What is being asked
In the data below, find the line with "Сальники набивные L" and output it along with every later line, exactly, but not the pictures.

Supplied data
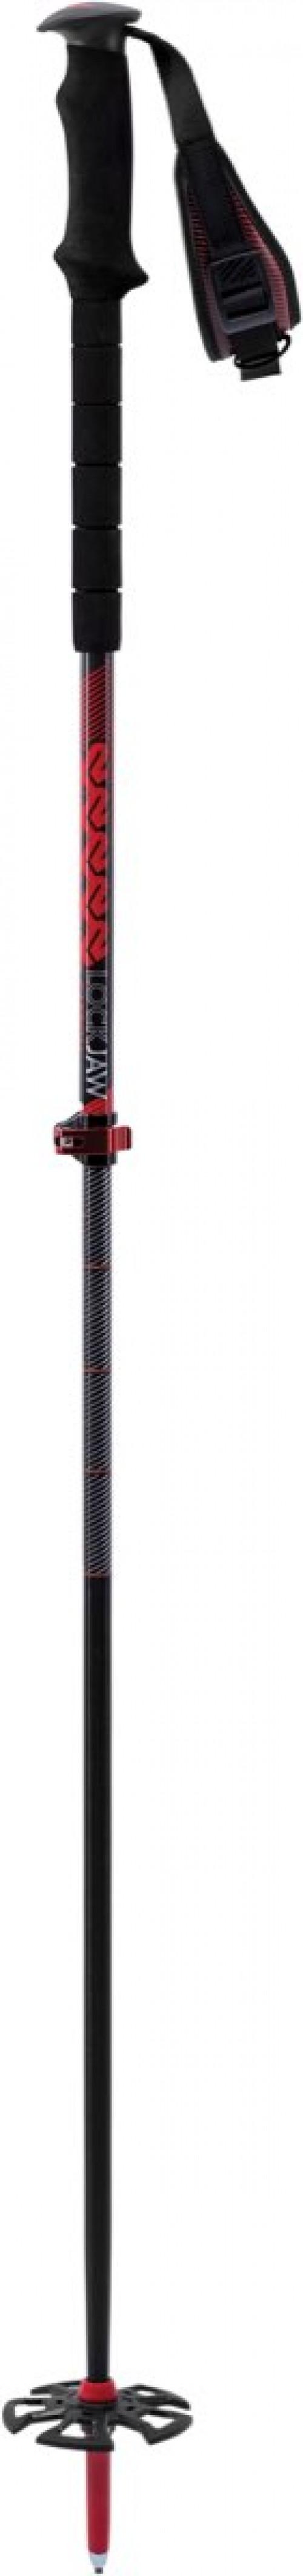 K2 Skis Lockjaw Carbon 145 - Red Rød
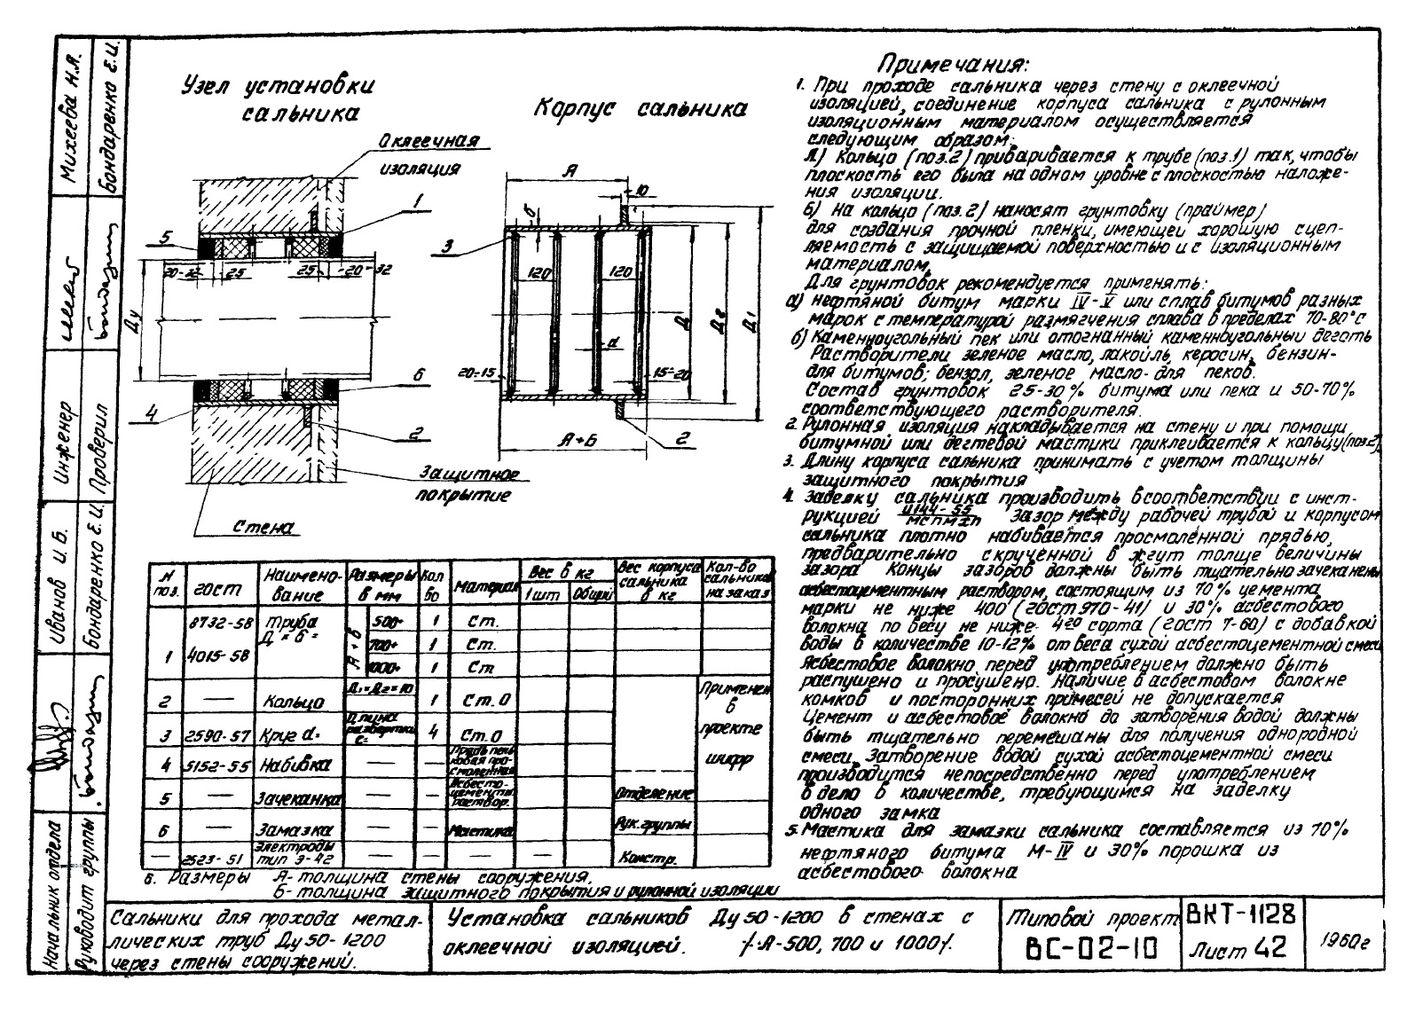 Сальники набивные L = 500 мм типовой проект ВС-02-10 стр.20
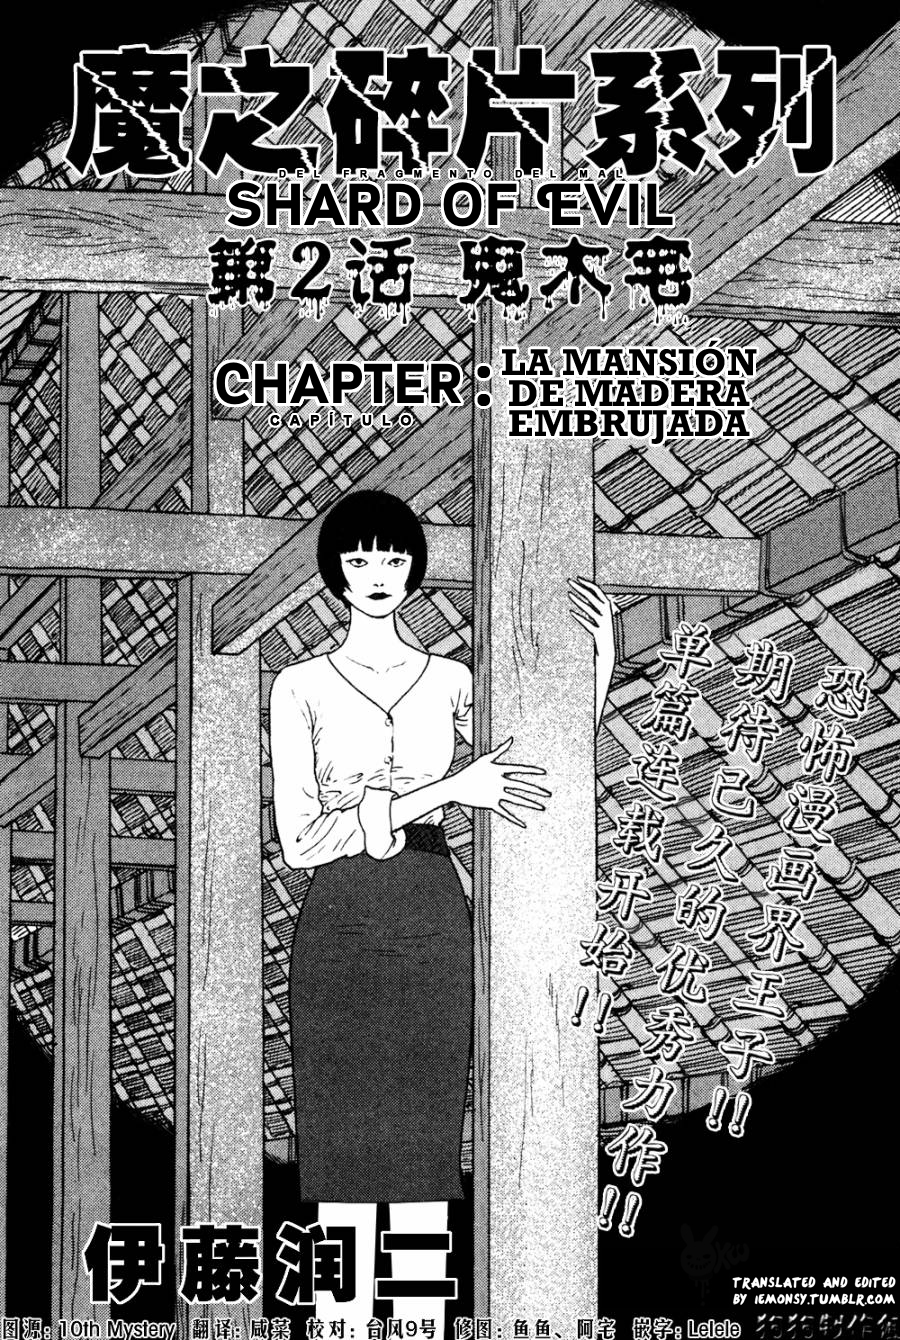 https://c5.ninemanga.com/es_manga/55/14519/387925/dc09e13ae677c54fc522252c8292e817.jpg Page 1

Exercise response
 Сальники набивные L = 500 мм типовой проект ВС-02-10 стр.20
 https://c5.ninemanga.com/es_manga/55/14519/387925/dc09e13ae677c54fc522252c8292e817.jpg Page 1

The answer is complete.